Zero-Knowledge Encryption Explained Simply

Zero-knowledge encryption means a service can store your data without ever being able to read it. The service provider has "zero knowledge" of what you've stored — they hold encrypted data but don't have the key to decrypt it.

This is fundamentally different from how most online services work. When you send a message on most platforms, the company can read it. When you store a file in most cloud services, the company can access it.

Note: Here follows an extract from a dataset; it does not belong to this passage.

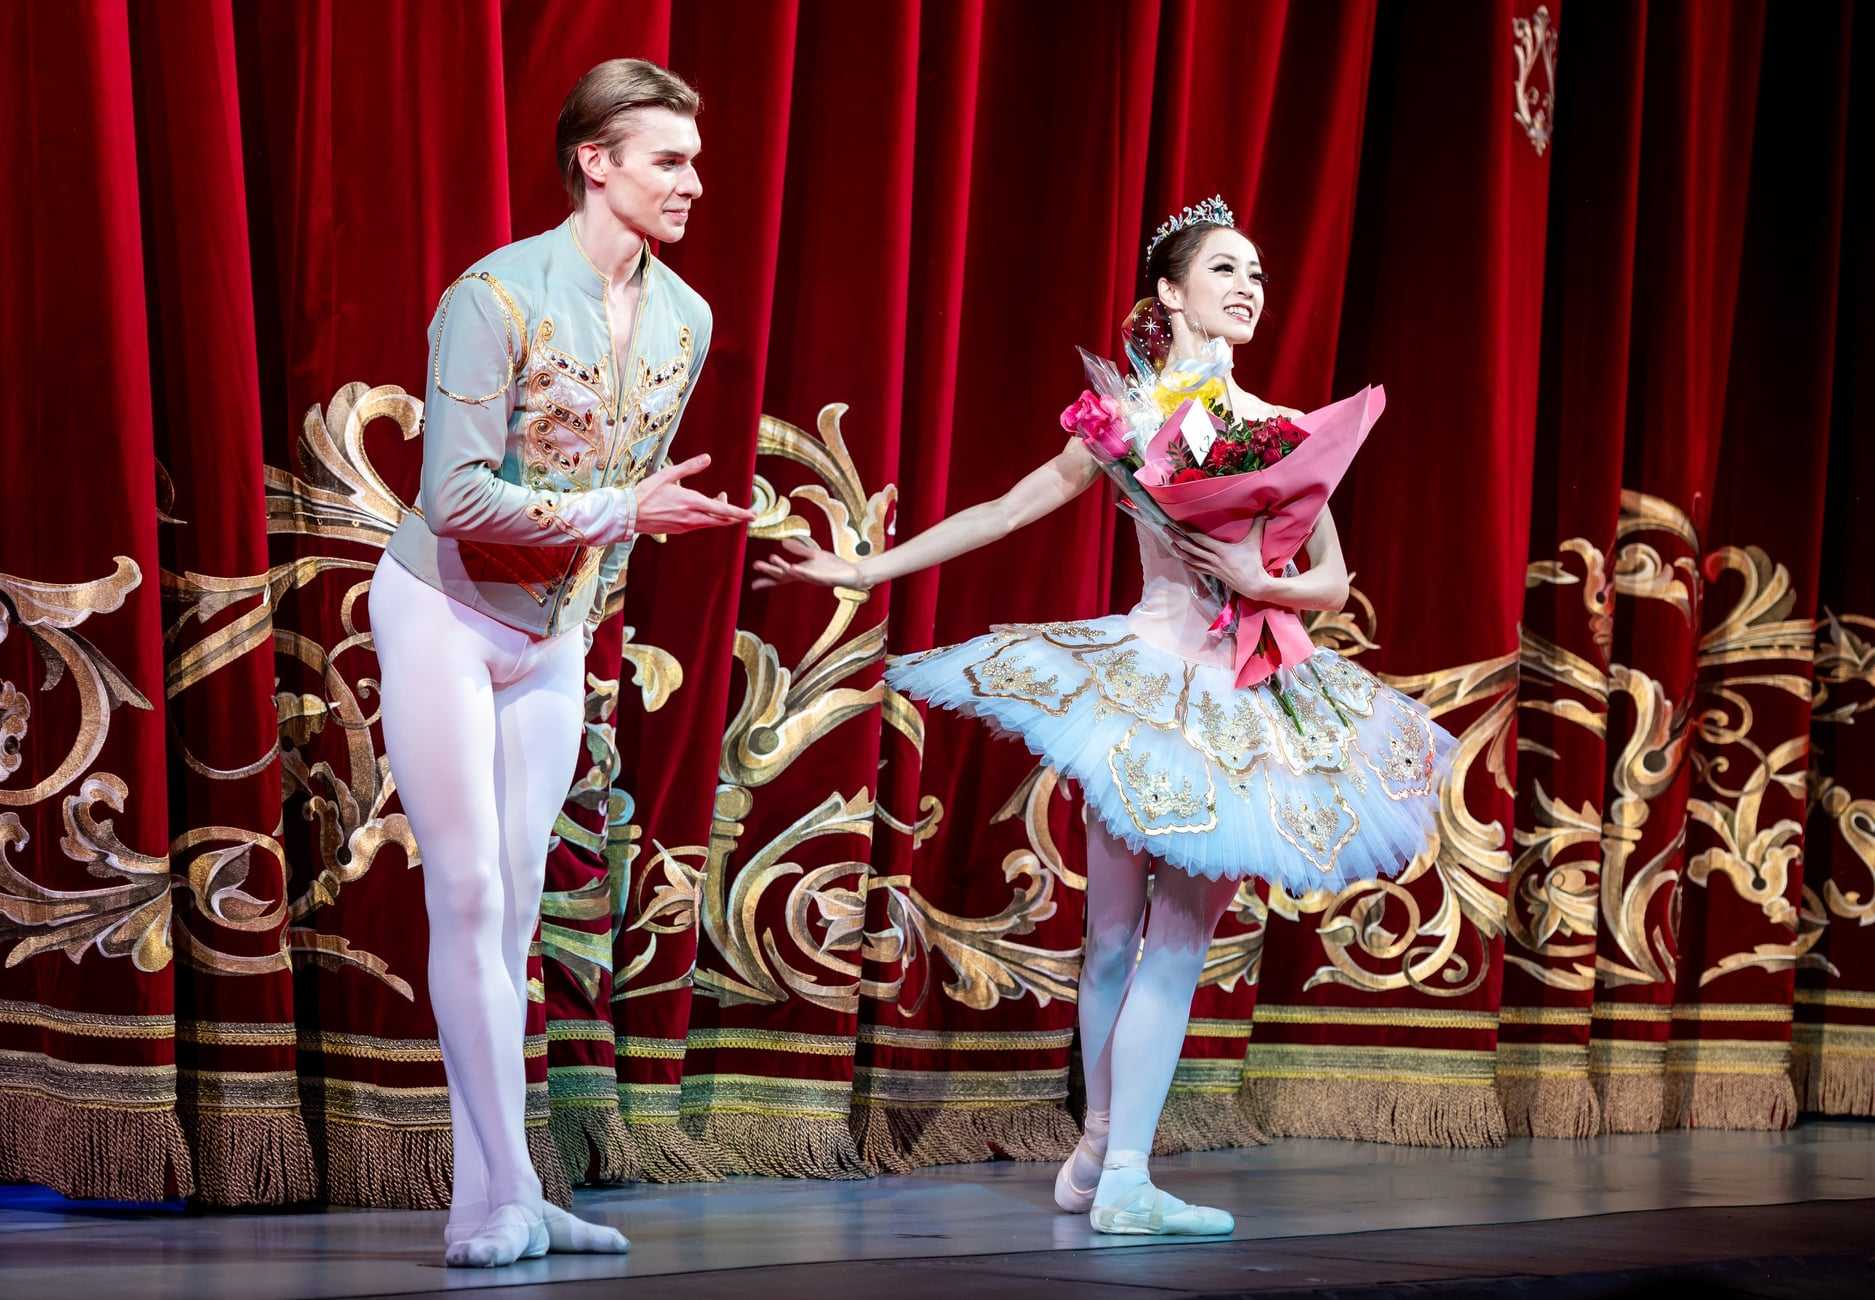 Лири Вакабаяси впервые выступила на челябинской сцене в балете «Пахита»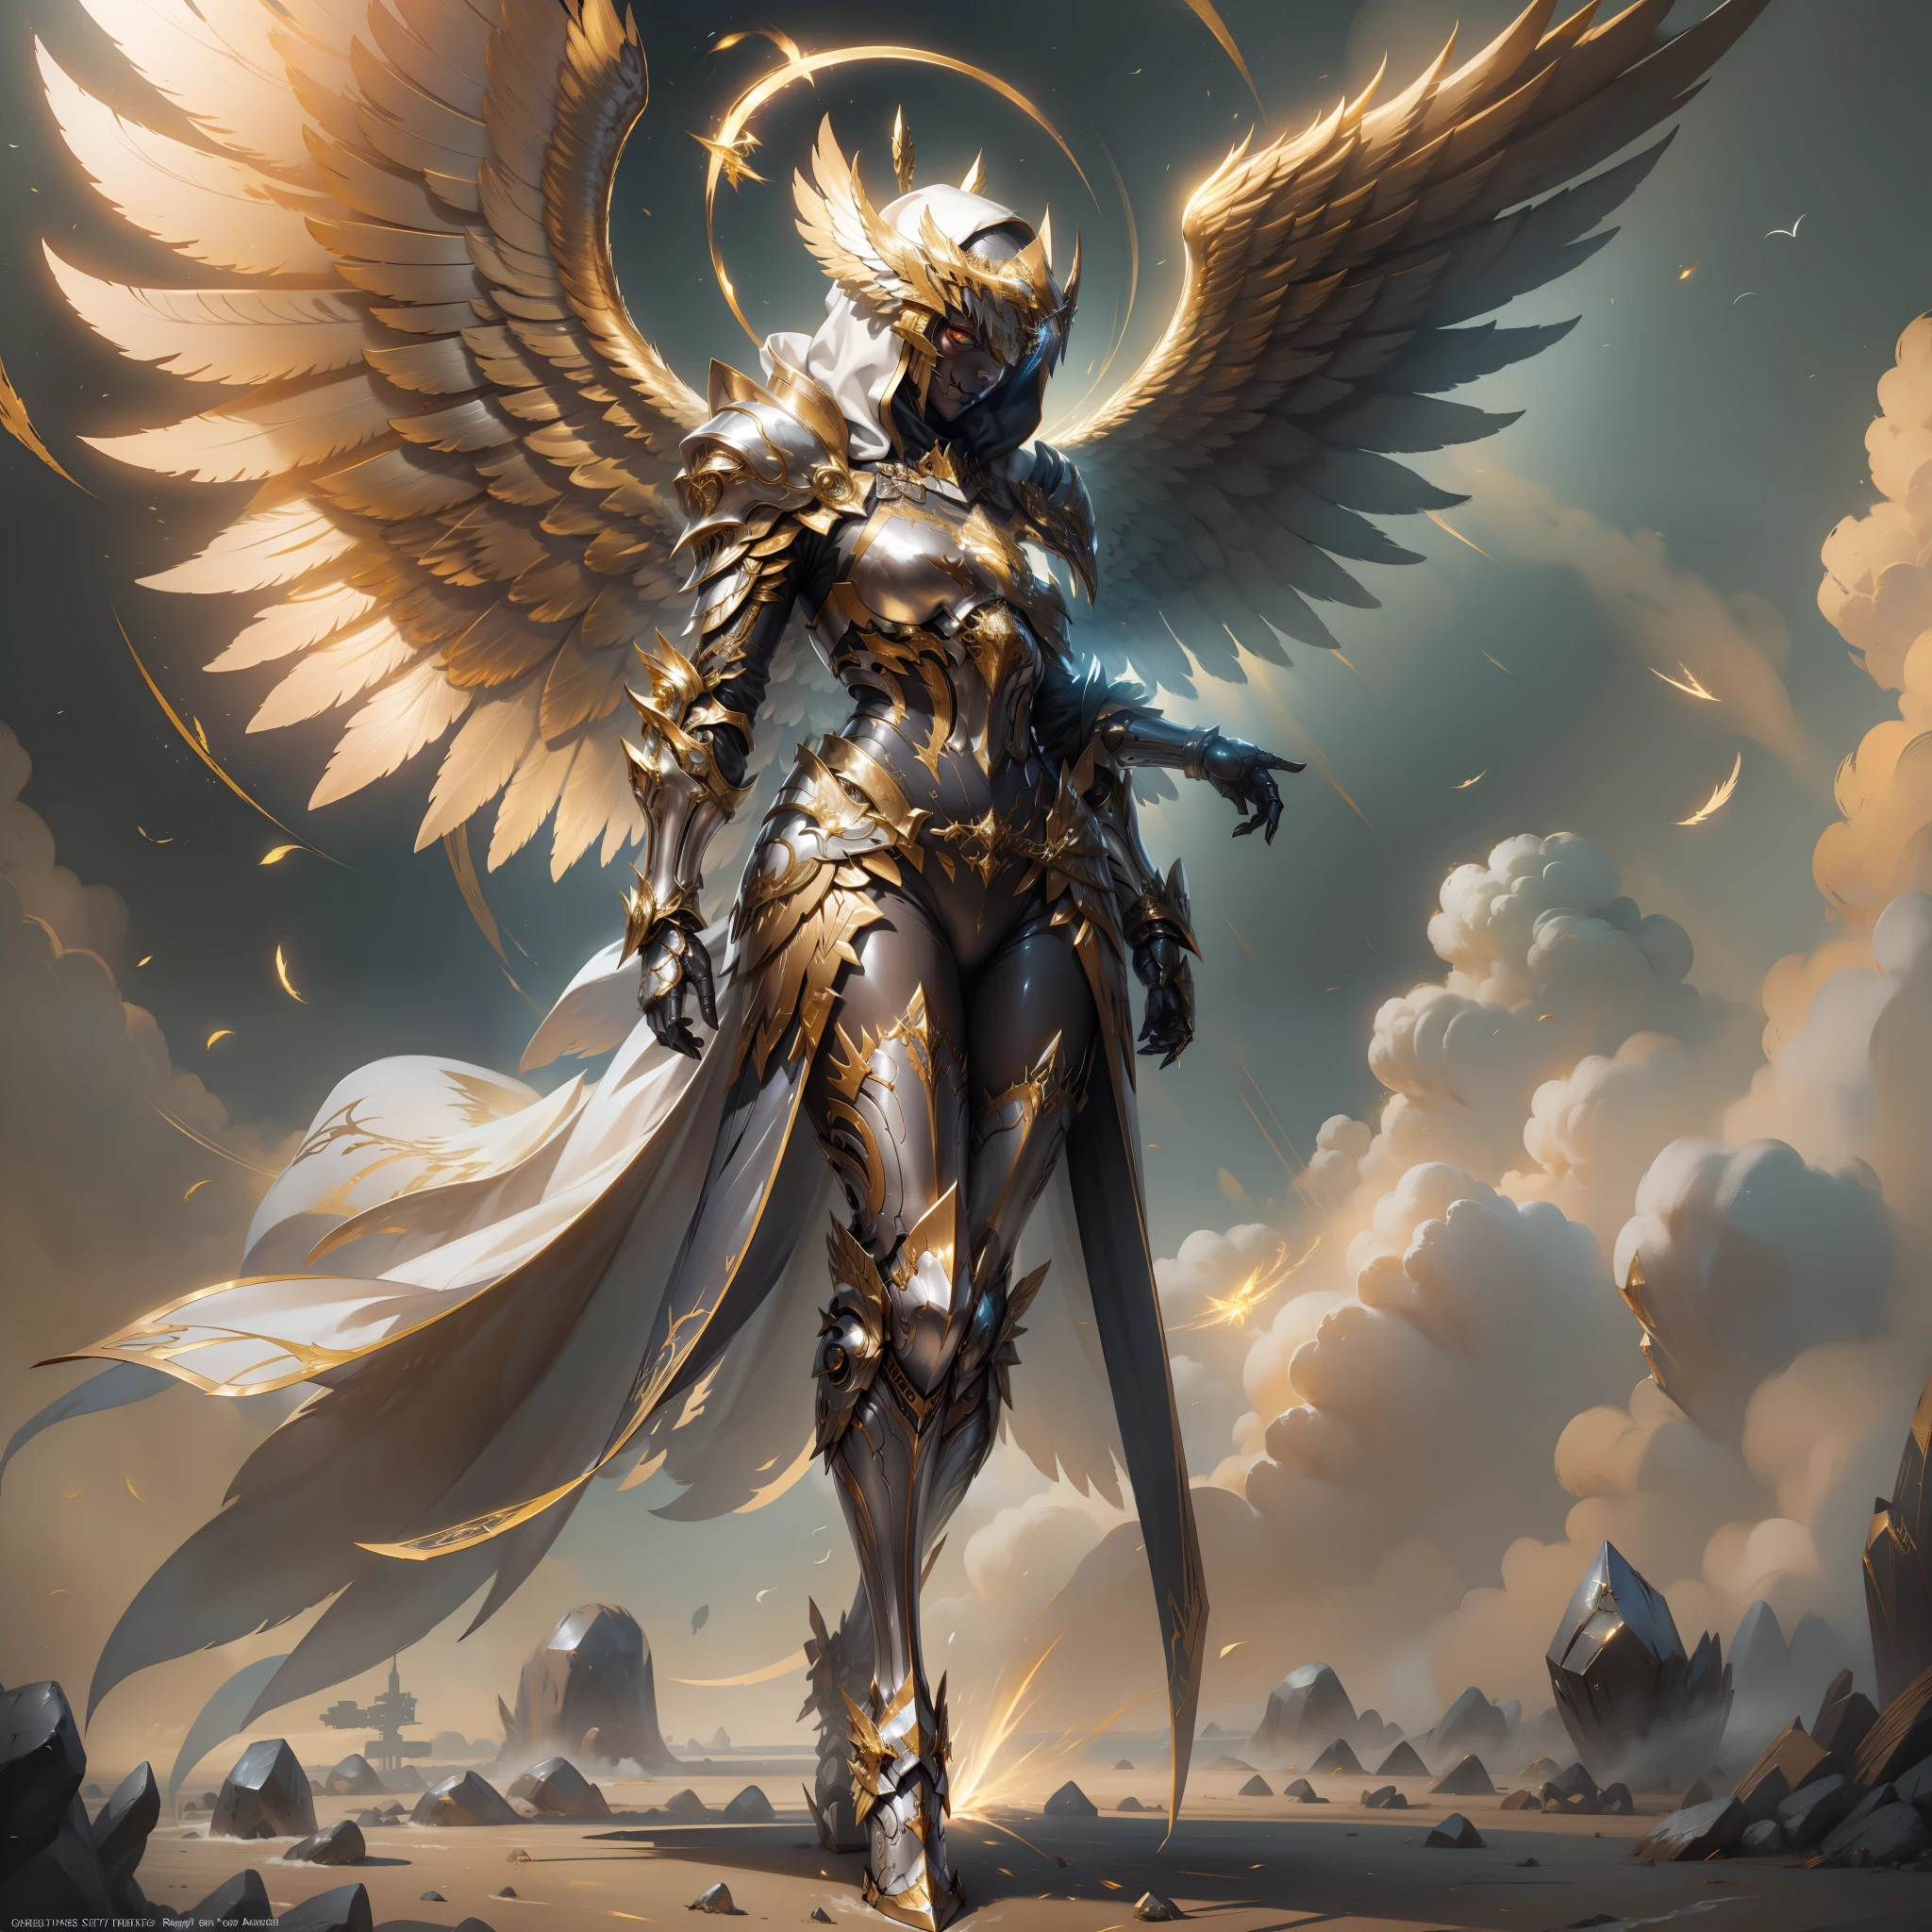 黄金铠甲天使, 能量构成的翅膀, 金属你好, 没有脸, 连帽的, 金子, 幻想, 概念艺术, 超现实, 格雷格·鲁特科斯基 (greg rutkowski) 的人物艺术

Zero-knowledge encryption changes that equation entirely.

How Zero-Knowledge Encryption Works

The core idea is simple: encryption and decryption happen on your device, not on the server.

1. You create or enter data on your device (a password, a message, a file)
2. Your device encrypts the data using a key that only you have
3. The encrypted data (ciphertext) is sent to the server for storage
4. The server stores the ciphertext — it never sees the encryption key or the original data
5. When you (or your recipient) need the data, the ciphertext is downloaded and decrypted locally

The critical point: the encryption key never touches the server. The server is just a blind storage locker.

Zero-Knowledge vs. Standard Encryption

Many services advertise "encryption" but it's not zero-knowledge. Here's the difference:

Standard encryption (encryption at rest): The service encrypts your data on their servers using their own keys. This protects against external hackers, but the service itself can decrypt and read your data anytime. Think of it like a bank vault where the bank has a master key.

Zero-knowledge encryption: You encrypt the data before it reaches the server, using a key the server never sees. Even if the server is hacked, subpoenaed, or the company turns malicious, your data remains unreadable. Think of it like storing a locked safe in a warehouse — the warehouse owner doesn't have your combination.

Why Zero-Knowledge Matters

Protection from Data Breaches

When a service with standard encryption gets breached, attackers may gain access to the encryption keys along with the data. With zero-knowledge, even a complete server breach yields only useless ciphertext.

Protection from the Service Provider

Companies can be compelled by governments to hand over user data. Employees can be bribed or compromised. With zero-knowledge encryption, even if the company cooperates fully with a data request, they physically cannot provide the plaintext — they don't have it.

Protection from Insider Threats

Rogue employees, curious administrators, or compromised accounts within the service provider cannot access your data. The encryption key simply doesn't exist on their systems.

Real-World Examples of Zero-Knowledge Encryption

• Password managers (1Password, Bitwarden) — Your vault is encrypted with your master password before syncing to the cloud
• End-to-end encrypted messaging (Signal) — Messages are encrypted on the sender's device and decrypted on the receiver's device
• Encrypted file storage (Tresorit, SpiderOak) — Files are encrypted locally before upload
• Secret sharing tools (Authly Send) — Secrets are encrypted in the browser; the key is in the URL fragment, never sent to the server

How Authly Send Uses Zero-Knowledge Encryption

When you create a secret on Authly Send, here's what happens:

1. Your browser generates a random AES-256 encryption key
2. Your secret is encrypted using this key with the Web Crypto API — in your browser
3. Only the encrypted ciphertext is sent to our server
4. The encryption key is encoded into the URL fragment (the # part of the URL), which browsers never send to servers per the HTTP specification
5. When the recipient opens the link, their browser extracts the key from the fragment and decrypts the secret locally

At no point does the Authly Send server have access to the encryption key or the plaintext. Even if our entire database were leaked, every secret would remain encrypted and unreadable. That's zero-knowledge encryption in practice.